This way, when adding a new website I can check if the submitted name or domain already exist in either of these sets with SISMEMBER and fail the validation if needed.
Now if i'm saving data with 50 fields instead of just 2 and wanted to prevent duplicates I'd have to create a similar set for each of the fields I wanted to validate.
QUESTION 1: Is the above a common pattern to solve this problem or is there any other/better way people use to solve this type of issue?
The listing/sorting issue
To list websites and sort by name or domain (ascending or descending) as well as limiting results for pagination I use something like:
SORT prefix:wslist BY prefix:ws:*->name ALPHA ASC LIMIT 0 10
This gives me 10 website ids ordered by name. Now to get these results I came to the following options (examples in php):
Option 1:
$wslist = the sort command here;
$websites = array();
foreach($wslist as $ws) {
$websites[$ws] = $redis->hGetAll('prefix:ws:'.$ws);
}
The above gives me a usable array with website id's as key and an array of fields.

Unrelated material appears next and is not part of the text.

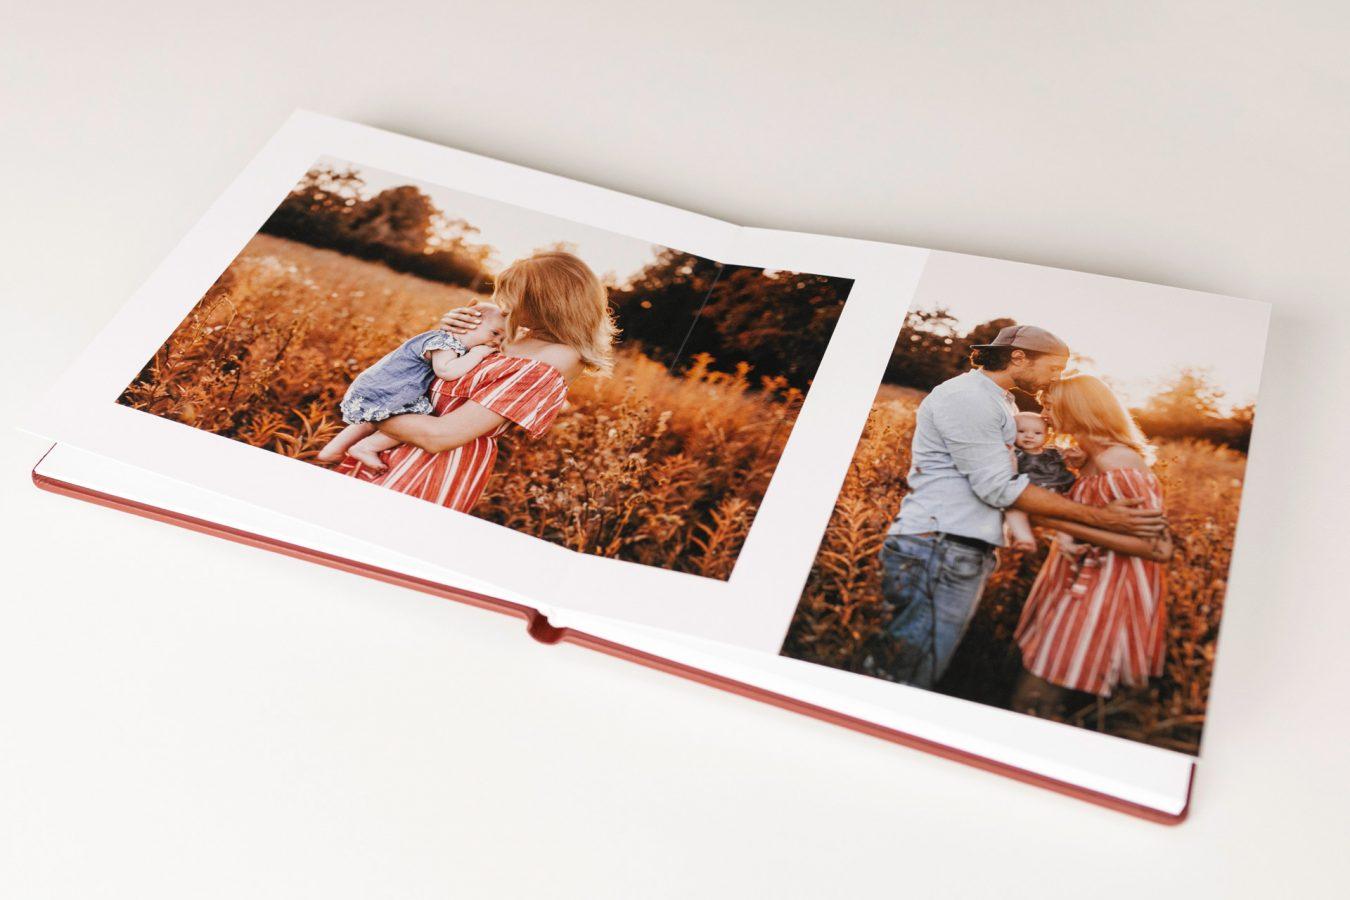 Fotoalbum Familienfotos Familienfotografie Ledereinband nPhoto

Unfortunately this has the problem that I'm doing multiple requests to redis inside a loop and common sense (at least coming from RDBMs) tells me that's not optimal.
The better way it would seem to be to use redis pipelining/multi and send all request in a single go:
Option 2:
$wslist = the sort command here;
$redis->multi();
foreach($wslist as $ws) {
$redis->hGetAll('prefix:ws:'.$ws);
}
$websites = $redis->exec();
The problem with this approach is that now I don't get each website's respective ID unless I then loop the $websites array again to associate each one. Another option is to maybe also save a field "id" with the respective website id inside the hash itself along with name and domain.
QUESTIONS 2/3: What's the best way to get these results in a usable array without having to loop multiple times? Is it correct or good practice to also save the id number as a field inside the hash just so I can also get it with the results?
Disclaimer: I understand that the coding and schema building paradigms when using a key->value datastores like Redis are different from RDBMs and document stores and so notions of "best way to do X" are likely to be different depending on the data and application at hand.
I also understand that Redis might not even be the most suitable datastore to use in mostly CRUD type apps but I'd still like to get any insights from more experienced developers since CRUD interfaces are very common on most apps.

Answer 1
Your proposal looks pretty common. I'm not sure why you need an auto-incrementing ID though. I imagine the domain name has to be unique, or the website name has to be unique, or at the very least the combination of the two has to be unique. If this is the case it sounds like you already have a perfectly good key, so why invent an integer key when you don't need it?
Having a SET for domains and a SET for website names is a perfect solution for quickly checking to see if a specific domain or website name already exists. Though, if one of those (domain or website name) is your key you might not even need these SETs since you could just look if the key prefix:ws:domain-or-ws-name-here exists.
Also, using a HASH for each website so you can store your 50 fields of details for the website inside is perfect. That is what hashes are for.
Answer 2
First, let me point out that if your websites and domain names are stored in SORTED SETs instead of SETs, they will already be alphabetized (assuming they are given the same score). If you are trying to support other sort options this might not help much, but wanted to point it out.
Your Option 1 and Option 2 are actually both relatively reasonable. Redis is lightning fast, so Option 1 isn't as unreasonable as it seems at first. Option 2 is clearly even more optimal from the perspective of redis since all the commands will be bufferred and executed all at once. Though, it will require additional processing in PHP afterwards as you noted if you want the array to be indexed by the id.
There is a 3rd option: lua scripting. You can have redis execute a Lua script that returns both the ids and hash values all in one shot. But, not being super familiar with PHP anymore and how redis's multibyte replies map to PHPs arrays I'm not 100% sure what the lua script would look like. You'll need to look for examples or do some trial and error. It should be a pretty simple script, though.
Conclusion
I think redis sounds like a decent solution for your problem. Just keep in mind the dataset needs to always be small enough to keep in memory. If that's not really a concern (unless your fields are huge, you should be able to fit thousands of websites into only a few MB) or if you don't mind having to upgrade your RAM to grow your DB, then Redis is perfectly suitable.
Be familiar with the various persistence options and configurations for redis and what they mean for availability and reliability. Also, make sure you have a backup solution in place. I would recommend having both a secondary redis instance that slaves off of your main instance, and a recurring process that backs up your redis database file at least daily.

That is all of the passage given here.